Early Cue Precision Shapes Visual Shortcut Learning in Controlled Cue-Manipulation Benchmarks
Abstract
Visual classifiers can achieve high matched-distribution accuracy while relying on low-level cues that fail under conflict or suppression. We test whether this failure is shaped by early cue precision: the reliability with which a low-level cue predicts the label during early learning or downstream probe fitting. Across synthetic shape-texture tasks, sequential digit training, a 10-class frozen-representation audit, and a CIFAR-10 natural-image-based texture-overlay benchmark, we manipulate object-texture match probability and evaluate matched-ID accuracy, conflict accuracy, texture-choice rate, and suppression behavior. Degraded-but-predictive input does not substitute for cue decorrelation. In 10-class digit probes, conflict accuracy drops from 0.589 under chance-like cue precision to 0.005 under target-perfect texture.

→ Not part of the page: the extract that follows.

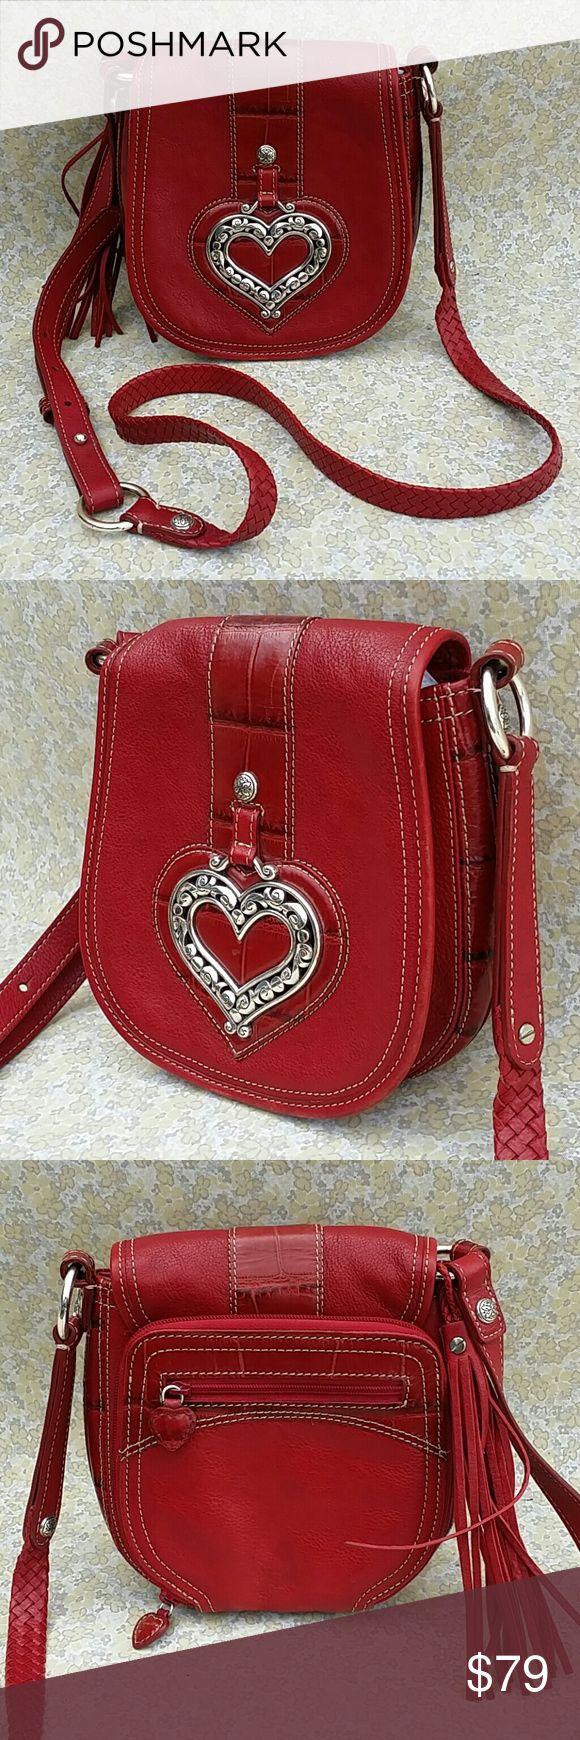 SALE Brighton Red Leather Crossbody Handbag Brighton Red Leather Crossbody Handbag Brighton Bags Crossbody Bags

In CIFAR-10 frozen probes, conflict accuracy drops from 0.569 to 0.114, while texture choice rises from 0.049 to 0.855; this ordering persists across texture-overlay strengths alpha in 0.15,0.25,0.35,0.50. End-to-end CIFAR-10 training shows that low early cue precision improves pre-target conflict behavior, but shortcut-rich fine-tuning can rapidly overwrite this benefit. Cue decorrelation must therefore be maintained during downstream adaptation rather than treated as a one-time inoculation.